Audience leaned heavily in favour of Frum
Coming into the debate, the audience was divided 73%-28% in favour of Frum’s No stance. The numbers did not change in the post-debate poll. So it was a draw. Or rather a numerical draw. The fact that Frum did not flatten Bannon, or even draw another 5% of the vote away from him means, in a way, it was a victory for Bannon. For Frum had the home advantage and the smarts to make gains. That Bannon held his ground seems to me a testimony to the fact that given a level playing field, and this was, he was the better debater.
Frum’s obsessive focus on Donald Trump
My main beef with Frum is that he often didn’t speak to the topic, but focused obsessively on Trump. Trump is certainly an easy target for ridicule, but it wasn’t his presidency that was at issue; it was populism in general. There are all kinds of people who recoil from Trump as a human being (I am such a one), but have mixed feelings about the need for someone as disruptive as he is. We don’t dismiss Bannon out of hand, and we also do not consider either Trump or Bannon racist.
So Frum wasted a lot of breath denouncing Trump’s personal ethics and his lack of presidential gravitas. We know all that, but Trump’s presidential demeanour and his personal character weren’t the questions on the table.
Bannon claims the future is populist
Bannon kept to the topic. He posed the questions that should have been explored in depth, as, for example: “Why is the nation-state so scorned and demonized?” Here Frum chose not to engage directly; instead he fell into the trap of liberal bromides like “The future belongs to those who care about it,” implying only globalists fall into that category, and that nationalism leads easily to tribalism and hatred of the Other. (Pretty insulting to Israel.).

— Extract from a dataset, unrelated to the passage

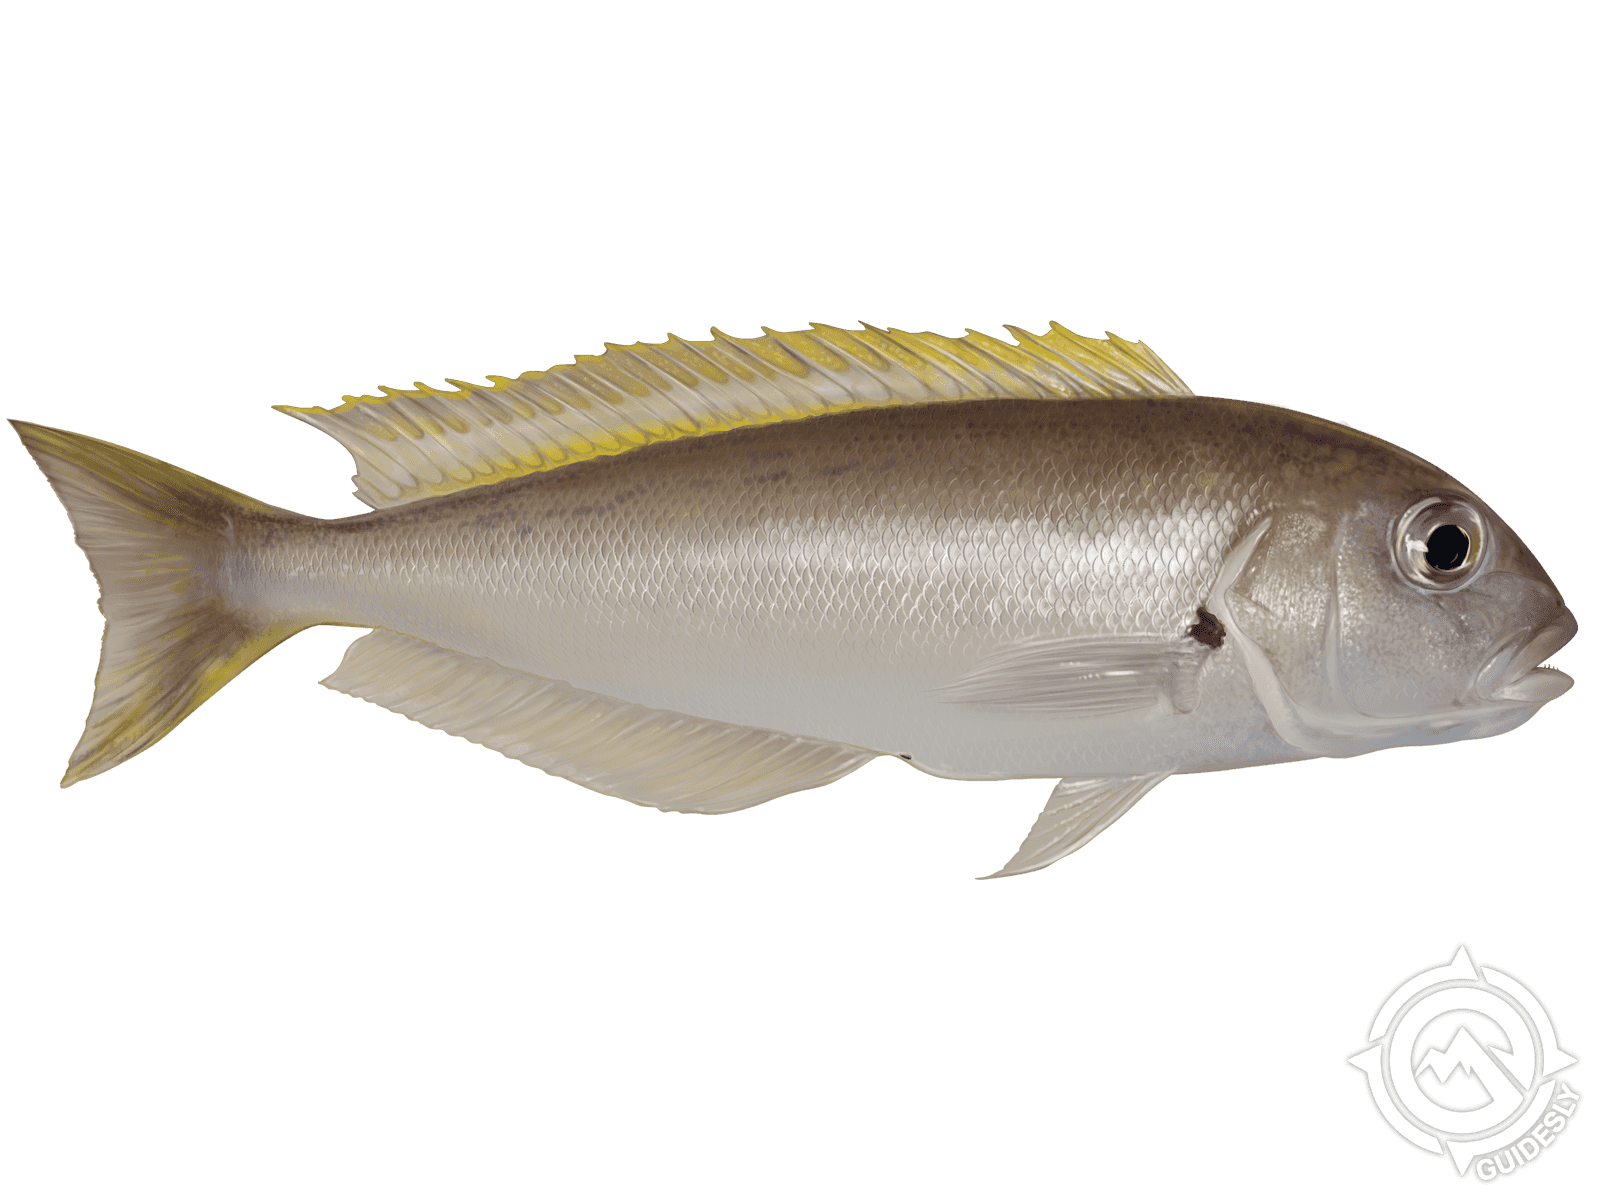 Atlantic Goldeneye Tilefish

Bannon wasn’t having any of that. His provocative thesis was that the future was going to belong to populism; the only question was whether it would be a nationalist populism or a socialist populism. “That’s the reality; the rest is just happy talk.” By “happy talk” he meant sentimentality, and Frum was guilty as charged on that score.

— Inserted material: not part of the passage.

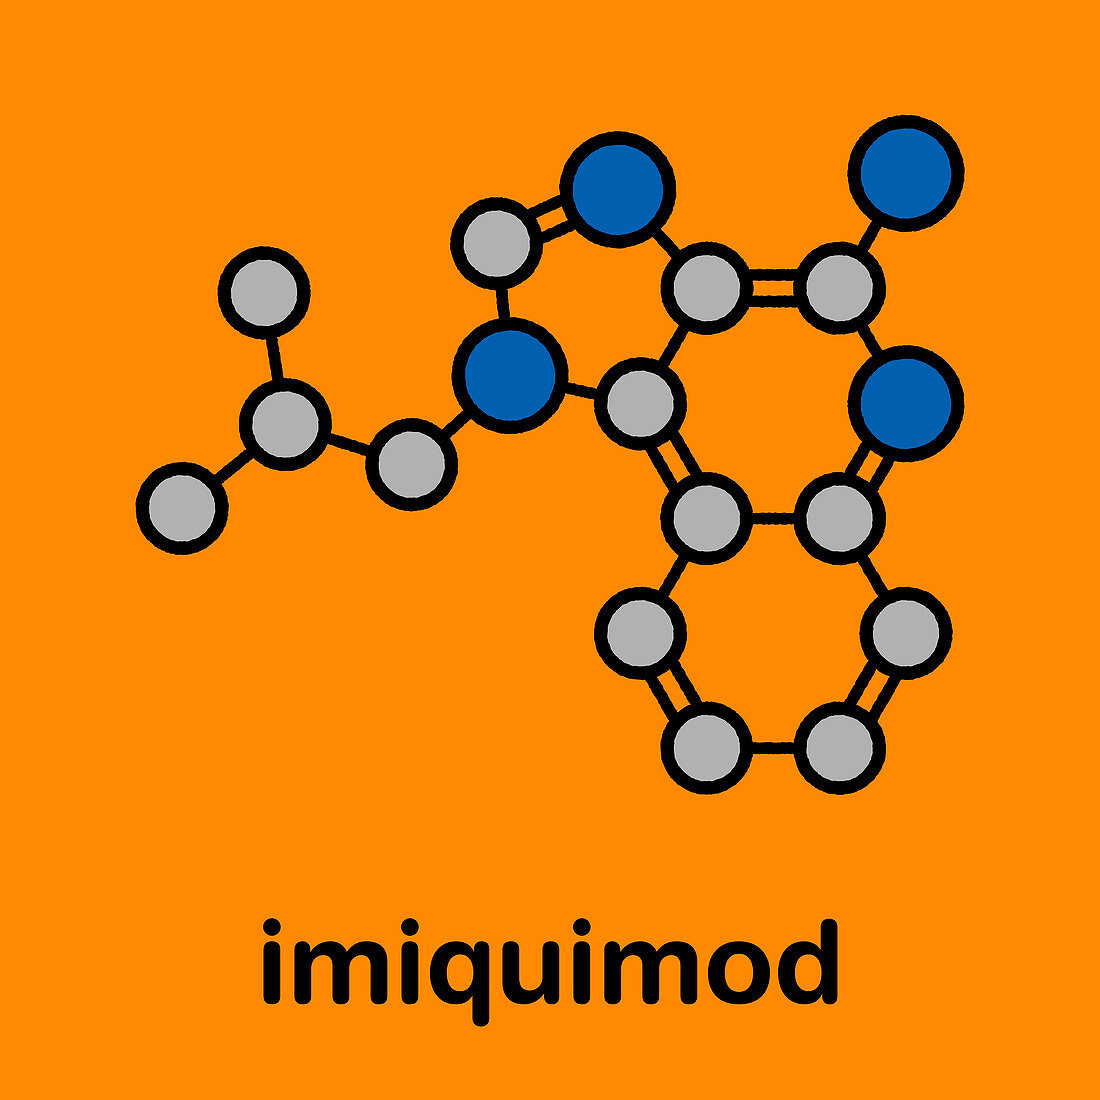 Imiquimod topical skin cancer drug, molecular model

In particular I was embarrassed by Frum’s dual reference to the poppy he was wearing and what it stood for in Frum’s eyes– i.e. liberalism at its finest – as a schlocky and highly sentimental gambit, having nothing whatsoever to do with the question. World War One was fought with conscripts on behalf of Britain, so although Canadian soldiers fought heroically, they really had very little choice in the matter; and World War Two was an existential battle against pure evil, not a tough call for either liberals or conservatives. We wear the poppy for our fallen soldiers in Afghanistan as well, also an absolutely justifiable war by any partisan criteria, and Frum’s remarks by implication diminished their sacrifice.
Debate means the audience can now make up its mind
The big winners in this debate were freedom of speech, civility in the public forum and the fact that hundreds of thousands of people who will eventually see it can make up their own minds about Bannon’s allegedly evil views.
The losers were activists on the far left, who looked stupid for their obstructionism in trying to prevent two of the brainiest polemicists in North America from duking it out on some of our era’s most important questions. Bannon had the most to gain by a solid performance, and he gave it. Frum’s performance did not meet expectations – not mine, anyway – and so, never mind the voting outcome, I would consider that Bannon is feeling triumphant today, while Frum may be experiencing something like a hangover.